October 5, 2020 Leave a comment

Il designer, scomparso per complicanze da Covid-19, non era riuscito a causa del suo stato di salute a partecipare il 30 settembre alla sfilata del marchio che porta il suo nome, oggi di proprietà di LVMH. I suoi abiti dalle silhouette inusuali hanno segnato la storia della moda

Lo stilista giapponese Kenzo Takada, universalmente conosciuto come Kenzo, è morto domenica 4 ottobre per complicazioni da Covid-19. Aveva 81 anni. Lo ha reso noto un portavoce di K3, la linea di tessile per la casa che aveva lanciato pochi mesi fa, spiegando che il designer, da anni residente a Parigi, si è spento all’ospedale americano di Neully-sur-Seine. Inutile dire quanto colpisca la scomparsa di uno dei nomi simbolo della moda proprio nel pieno delle sfilate francesi: la collezione per la primavera/estate 2021 del marchio, disegnato da inizio anno da Felipe Oliveira Baptista, è andata in passerella solo lo scorso 30 settembre.

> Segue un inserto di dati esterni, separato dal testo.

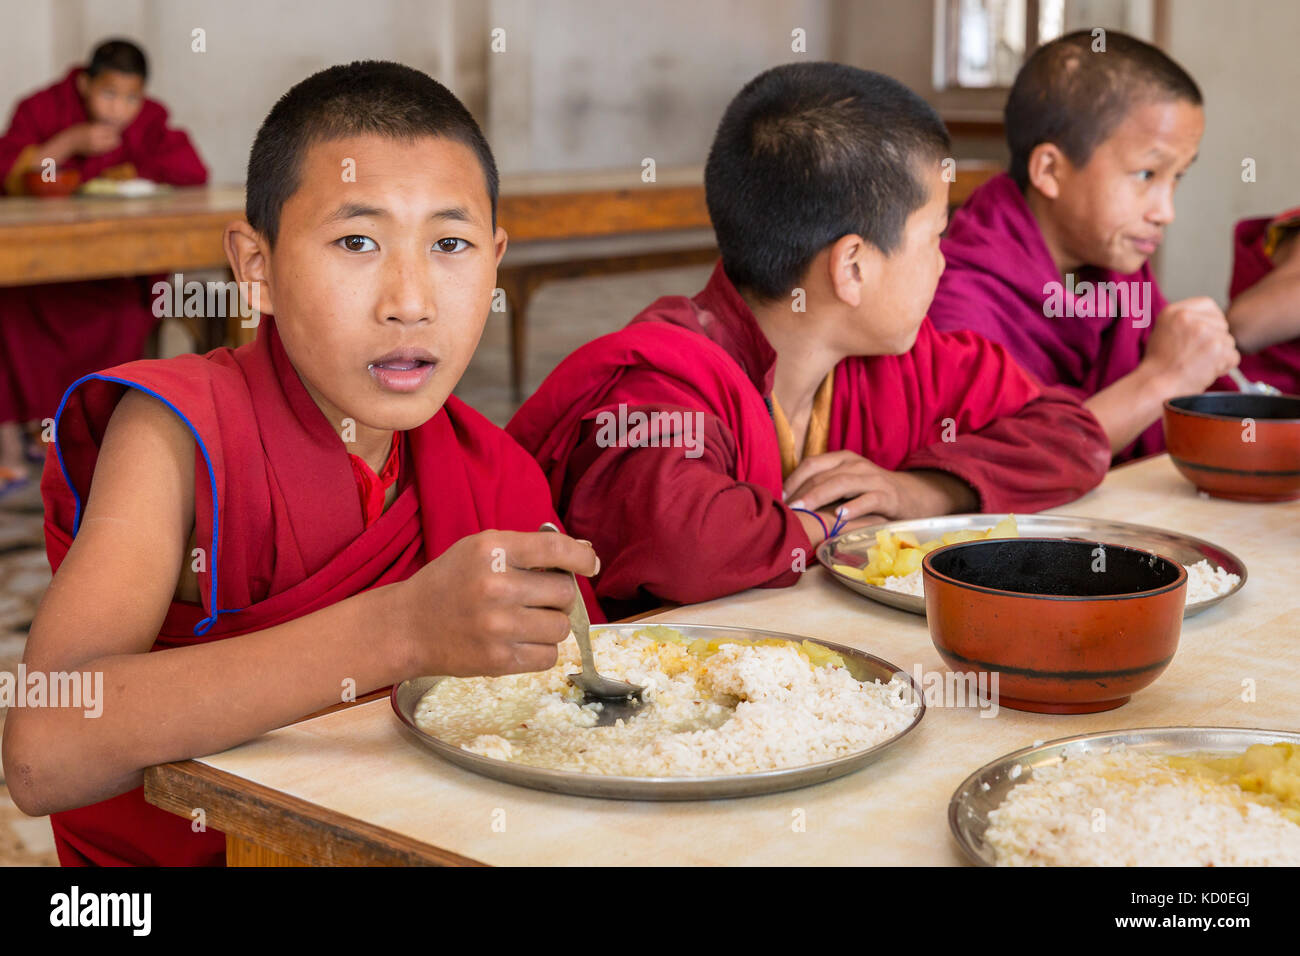 Young monks in Amitabha Monastery having lunch, Kathmandu Valley, Kathmandu, Nepal - Stock Image
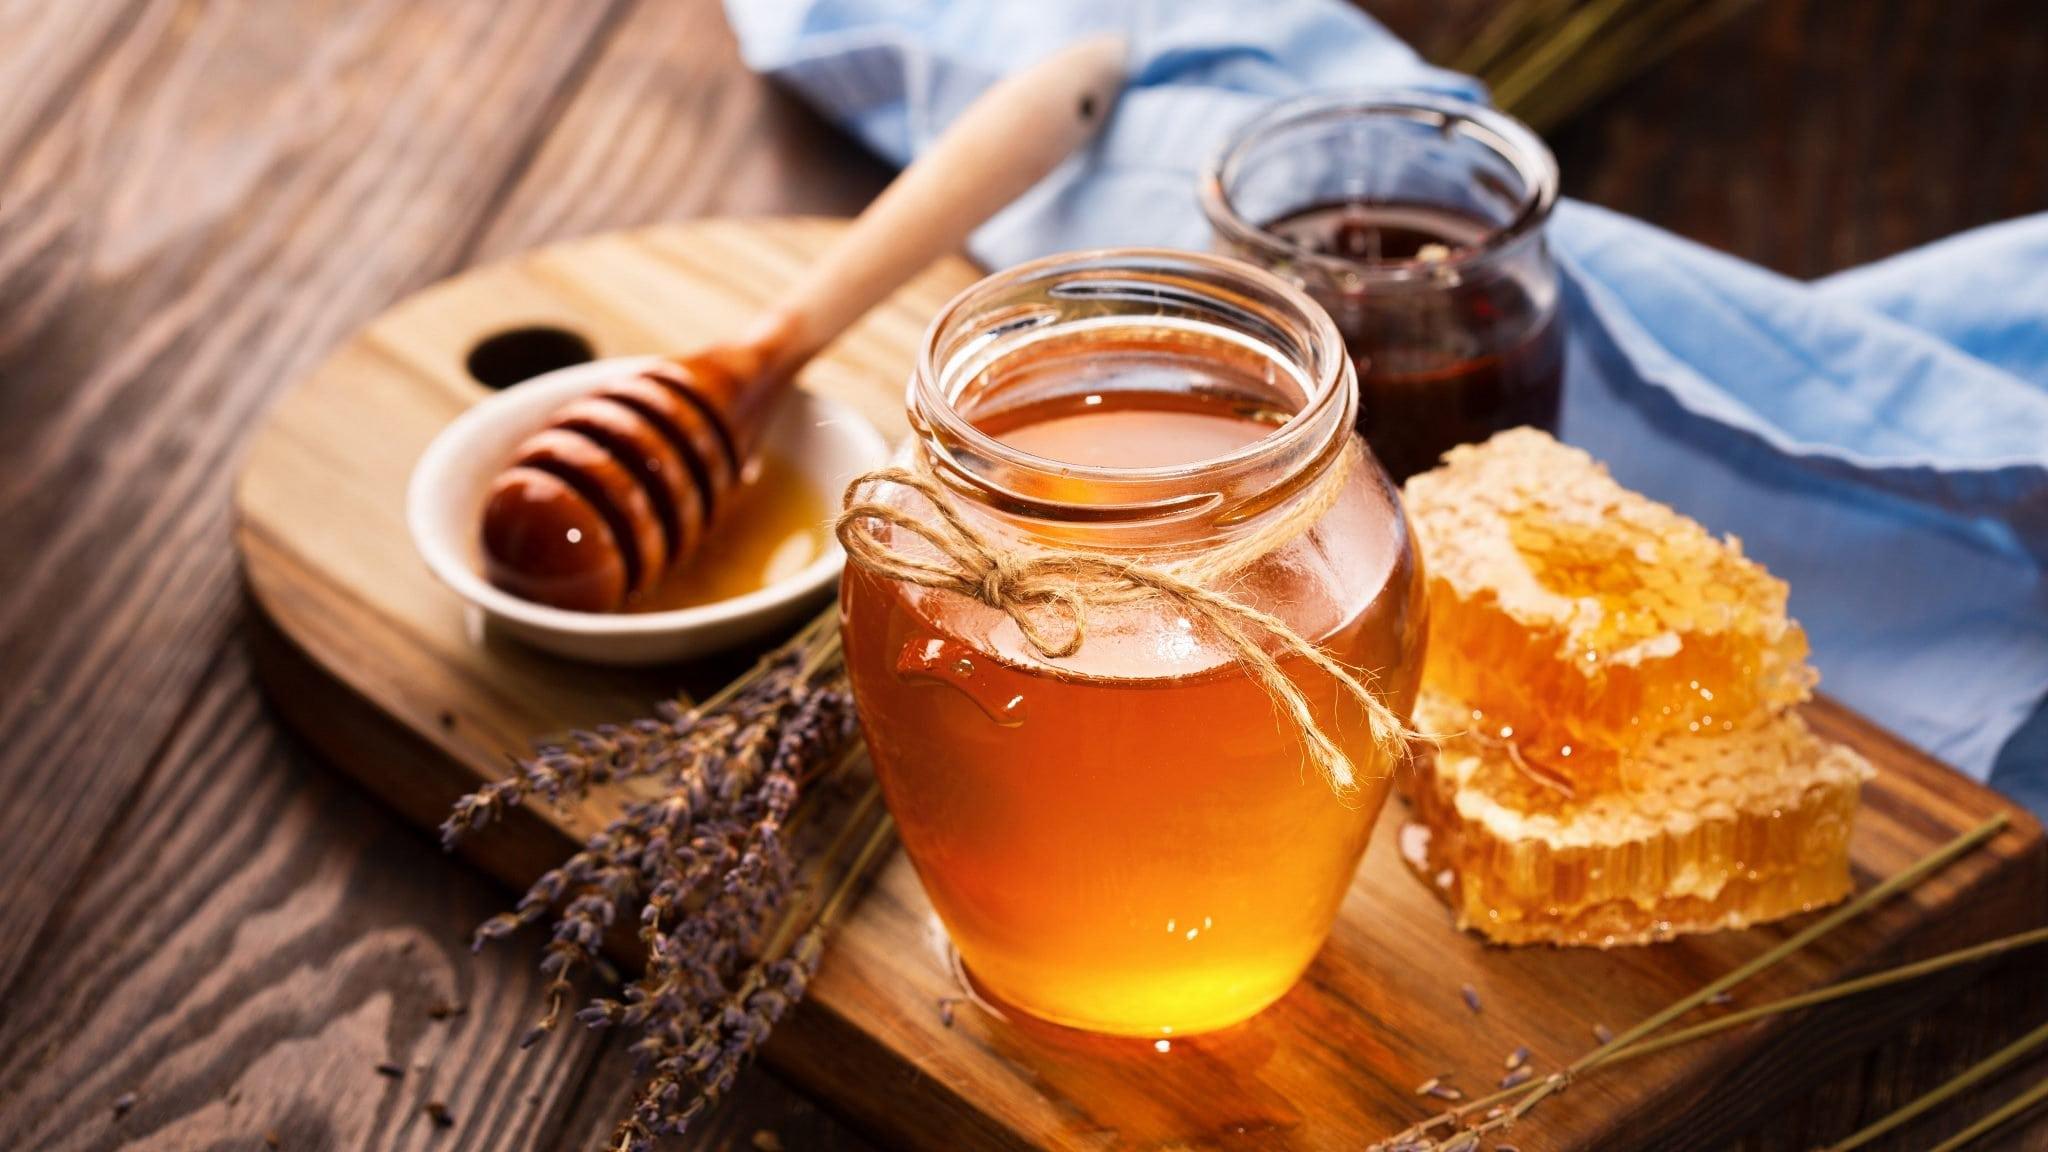 Mật ong giúp cải thiện cân nặng

Il brand è di proprietà del gruppo LVMH dal 1993 ma, come fa notare al WWD Sidney Toledano, CEO di LVMH Fashion Group, Kenzo ha sempre continuato a sostenerlo: la sua assenza all’ultima sfilata si spiega infatti con l’aggravarsi delle sue condizioni. “Penso fosse un grande designer e una gran bella persona”, ha dichiarato Toledano.

La carriera del creativo giapponese è sempre stata atipica: nato il 27 febbraio 1939 a Himeniji, una cittadina nella regione del Kansai, nonostante un interesse nella moda sviluppato sin da piccolo, a 18 anni per volere dei genitori si iscrive all’università di Kyoto per studiare letteratura, per poi abbandonare gli studi dopo un anno e iscriversi al Bunka Fashion College di Tokyo, celebre scuola di moda giapponese fino a quell’anno aperta solo alle donne: Kenzo fu il primo studente maschio. 

Nel 1960 inizia a lavorare per i grandi magazzini Sanai: disegna abiti per ragazze, e arriva a produrre sino a 40 look al mese. Nel 1964, su suggerimento dei suoi professori, si trasferisce a Parigi, che diventa presto la sua città. Inizia come free lance, disegnando per altre case di moda, fino a quando nel 1970 apre la sua prima boutique, ribattezzata Jungle Jap, in un’antica bottega all’interno della Gallerie Vivienne, non lontana dal Pais Royal. In poco tempo i suoi abiti oversize e le silhouette inusuali, unite all’unicità del suo negozio, colgono l’attenzione di pubblico e addetti ai lavori. Nel 1983 lancia la collezione uomo, nel 1988 arriva il primo profumo, Kenzo de Kenzo, anche se il best seller del brand, Flower by Kenzo, viene lanciato nel 2000. 

Dopo la cessione a LVMH del marchio nel 1993, Kenzo resta altri 6 anni alla guida del marchio, per poi ritirarsi nel 1999. Gli sono succeduti alla guida creativa della maison Antonio Marras (2003-2011), Humberto Leon e Carol Lim (2011-2019) e, da quest’anno, il portoghese Felipe Oliveira Baptista.